Пауль убежал в свой штаб — и тут Рональд позволил себе вопросительно взглянуть на жену. Она только плечами пожала и отправилась на кухню, где пышное, желтовато-белесое тесто дышало под крышкой старой кастрюли. Рональд потянулся за женой. Он ощущал легкую, но противную неловкость.
— Ронни, — сказала Мария, — они ведь дети, такие же, как наш Пауль.
— Дети наци. Еще неизвестно, станут ли есть твой пирог. А ну как подумают, что ты замешивала его с кровью христианских младенцев?
— Не говори глупостей, Рональд… И реши наконец, чего ты хочешь на самом деле.
— Я не хочу, чтоб Пауль стал нацистом. Я не хочу, чтоб он когда-нибудь плюнул мне в лицо по указке своего драгоценного Шираха. Я не хочу…

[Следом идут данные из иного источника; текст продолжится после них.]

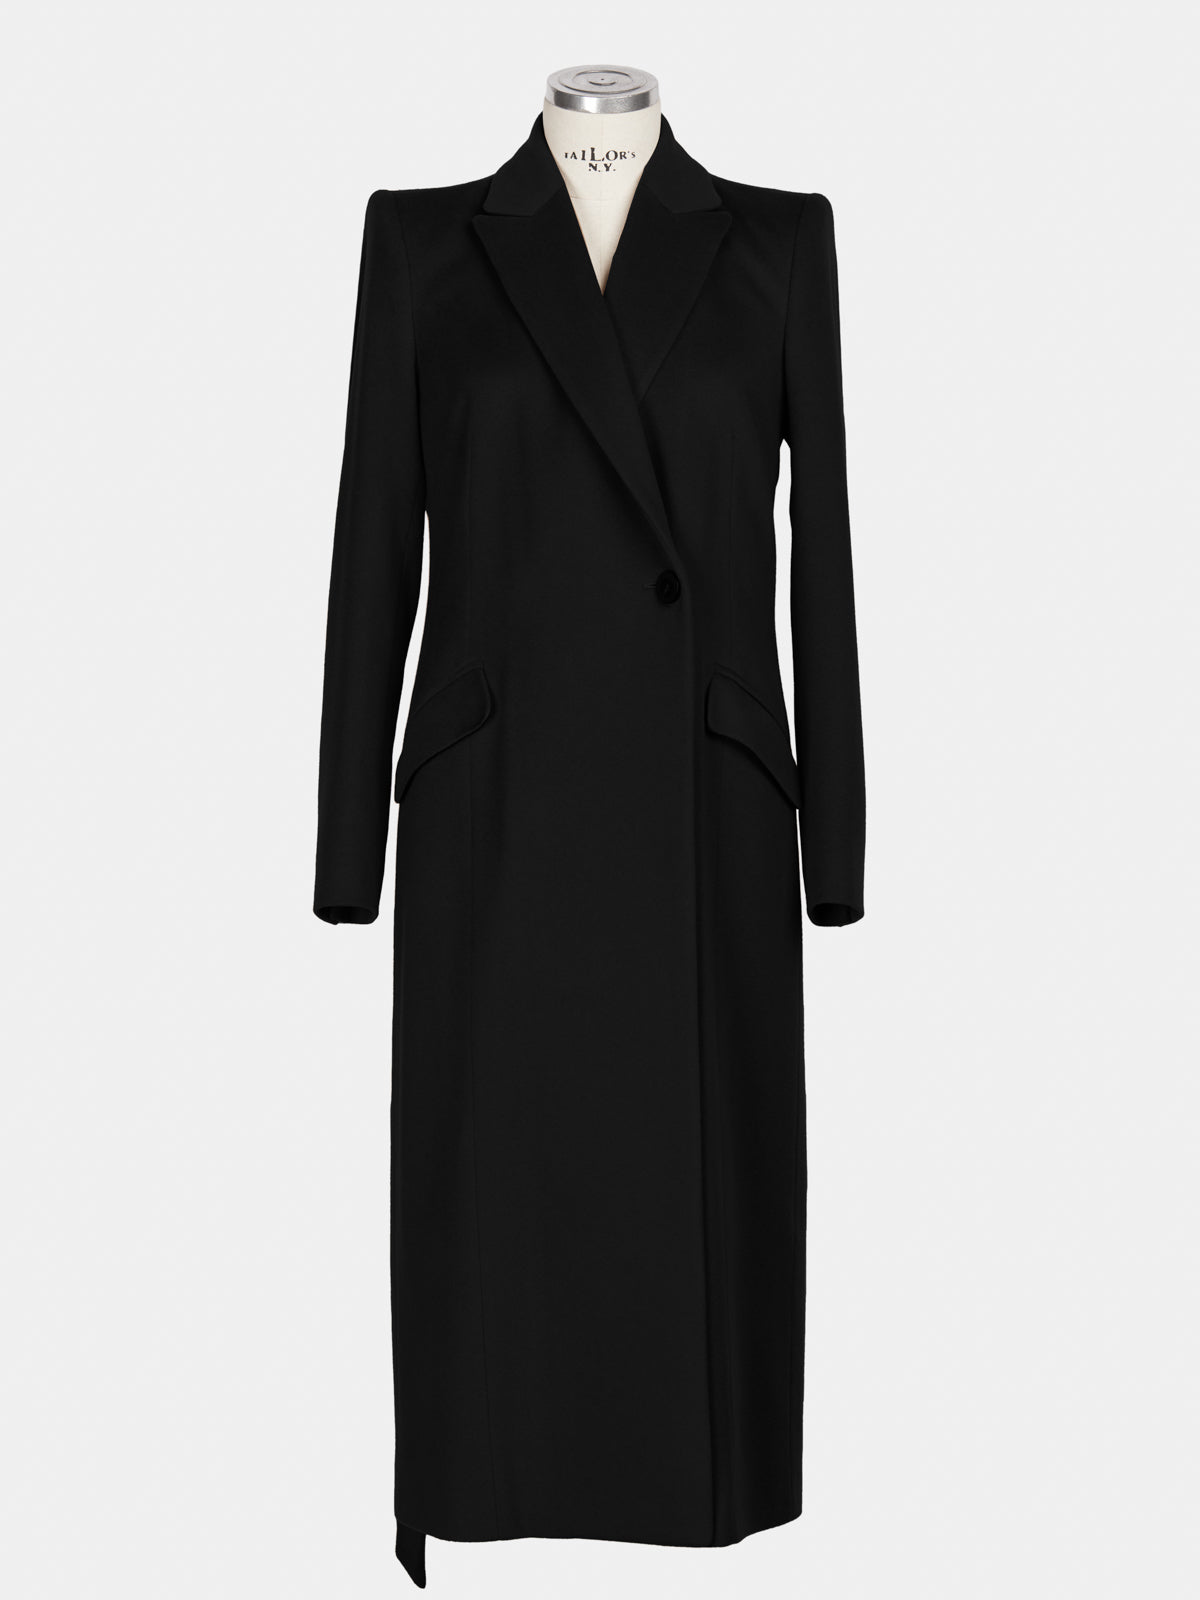 Cappotto cashmere donna lungo nero

— Я спросила не о том, чего ты не хочешь.
— А хочу я…
Рональд снова словно в болоте увяз, ощущая, что краснеет. Что за женщина. Умеет же заставить тебя почувствовать себя идиотом! И без усилия, заметьте, без всяких бабских штучек…
— Ты хочешь, чтоб твой сын был счастливее тебя, — глуховато сказала Мария, раскатывая тесто. Ее тонкие смуглые руки тонули в нем, и оно отчаянно пыхтело, — Помоги мне, Ронни, вот скалка. И в то же время ты хочешь, чтоб он вел себя так же, как ты… Отчего ты тогда не назвал его… Исааком?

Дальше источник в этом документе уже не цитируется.